URL = f"http://openpayments.us/data?query={name}"

r = requests.get(URL)
data = json.loads(r.text)

print(json.dumps(data)[0:1000])

{"query": "John AND Chan", "lucenequery": "+_composite:john +_composite:chan", "hits": 10, "page": 1, "pagesize": 50, "sortby": null, "reverse": false, "cols": ["Payment ID", "Vendor", "Date", "Amount", "Dr Name", "Nature of Payment", "Payment Type", "Dr Addr", "Dr Type", "Dr License", "Hospital", "Re Drug", "Re: Device", "Travel", "# Payments", "Submitter", "Year", "Publ Date", "Dr or Hosp", "Prod. Indicator", "Disputed?", "Dr Ownership", "3rd Party Recipient", "3rd Party", "Charity?", "3rd Party is Recipient", "Context", "Publ Delay"], "numresults": 10, "results": [{"Payment ID": "42285", "Vendor": "Shire US Holdings PA", "Date": "2013/08/26", "Amount": "124.99", "Dr Name": "JOHN CHAN", "Nature of Payment": "Food and Beverage", "Payment Type": "In-kind items and services", "Dr Addr": "8700 BEVERLY BLVD RM 5512 LOS ANGELES CA 90048 United States", "Dr Type": "DPM Internal Medicine", "Dr License": "CA", "Re: Device": "DERMAGRAFT", "# Payments": "1", "Submitter": "Shire US Holdings", "Y

This website gives you JSON, which is very easy to load and dump using the default `json` package as you can see from that code snippet. As before, you can grab one of the elements using dictionary like indexing:

In [26]:
results = data['results']
results[0:2]

[{'Payment ID': '42285',
  'Vendor': 'Shire US Holdings PA',
  'Date': '2013/08/26',
  'Amount': '124.99',
  'Dr Name': 'JOHN CHAN',
  'Nature of Payment': 'Food and Beverage',
  'Payment Type': 'In-kind items and services',
  'Dr Addr': '8700 BEVERLY BLVD RM 5512 LOS ANGELES CA 90048 United States',
  'Dr Type': 'DPM Internal Medicine',
  'Dr License': 'CA',
  'Re: Device': 'DERMAGRAFT',
  '# Payments': '1',
  'Submitter': 'Shire US Holdings',
  'Year': '2013',
  'Publ Date': '2014/09/29',
  'Dr or Hosp': 'Dr',
  'Prod.
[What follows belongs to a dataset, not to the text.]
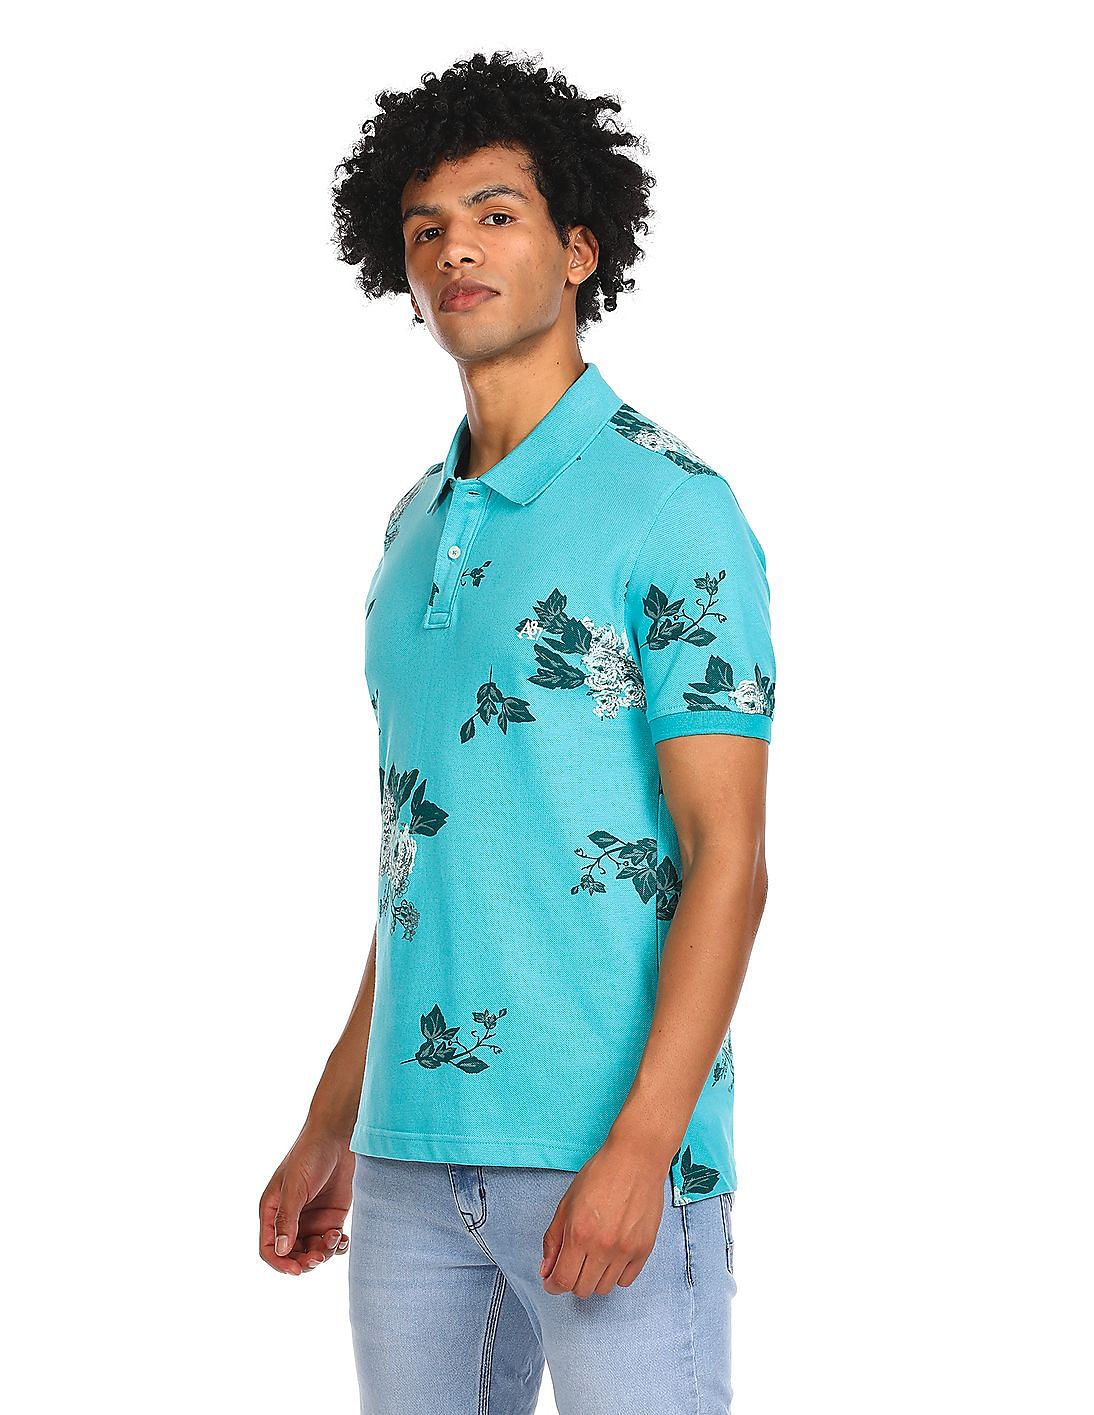 Aeropostale Men's Aero Original Brand V-Neck Graphic T Shirt L Cool  Turquoise : : Clothing, Shoes & Accessories

Indicator': 'Covered',
  'Disputed?': 'No',
  'Dr Ownership': 'No',
  '3rd Party Recipient': 'No',
  'Publ Delay': 'No'},
 {'Payment ID': '683301',
  'Vendor': 'AstraZeneca Pharmaceuticals LP DE',
  'Date': '2013/09/10',
  'Amount': '12.1',
  'Dr Name': 'John Chan',
  'Nature of Payment': 'Food and Beverage',
  'Payment Type': 'In-kind items and services',
  'Dr Addr': '2111 Geer Rd Suite 500 Turlock CA 95382-2458 United States',
  'Dr Type': 'DDS Dental Providers/ Den

It is convenient to look at the records in a data frame:

In [29]:
import pandas as pd
pd.DataFrame.from_dict(results).head(3)

Unnamed: 0,Payment ID,Vendor,Date,Amount,Dr Name,Nature of Payment,Payment Type,Dr Addr,Dr Type,Dr License,Re: Device,# Payments,Submitter,Year,Publ Date,Dr or Hosp,Prod. Indicator,Disputed?,Dr Ownership,3rd Party Recipient,Publ Delay,Charity?,Context,3rd Party,3rd Party is Recipient,Travel
0,42285,Shire US Holdings PA,2013/08/26,124.99,JOHN CHAN,Food and Beverage,In-kind items and services,8700 BEVERLY BLVD RM 5512 LOS ANGELES CA 90048...,DPM Internal Medicine,CA,DERMAGRAFT,1,Shire US Holdings,2013,2014/09/29,Dr,Covered,No,No,No,No,,,,,
1,683301,AstraZeneca Pharmaceuticals LP DE,2013/09/10,12.1,John Chan,Food and Beverage,In-kind items and services,2111 Geer Rd Suite 500 Turlock CA 95382-2458 U...,DDS Dental Providers/ Dentist,CA,,1,AstraZeneca Pharmaceuticals LP,2013,2014/09/29,Dr,Covered,No,No,No,No,No,Informational Meal,,,
2,5406946,"Otsuka America Pharmaceutical, Inc. MD",2013/11/12,23.04,JOHN CHAN,Food and Beverage,In-kind items and services,8700 BEVERLY BLVD RM 5512 LOS ANGELES CA 90048...,MD Internal Medicine,CA,,1,"Otsuka America Pharmaceutical, Inc.",2013,2014/09/29,Dr,Covered,No,No,No,No,,,,,


A **technical detail** related to valid strings you can include as part of a URL.  Spaces are not allowed so `John Chan` has to be encoded or "quoted".  Fortunately, `requests` does this automatically for us. If you ever need to quote parameter values in URLs, you can do this:

```python
from urllib.parse import quote
value = quote(value)
```

Because `&` is the separator between parameters, it is also invalid in a parameter name or value. Here are some example conversions:

```python
>>> quote("john chan")
'john%20chan'
>>> quote("john&chan")
'john%26chan'
```

The conversion uses the ASCII character code (in 2-digit hexadecimal) for space and ampersand. Sometimes you will see the space converted to a `+`, which also works: `John+Chan`.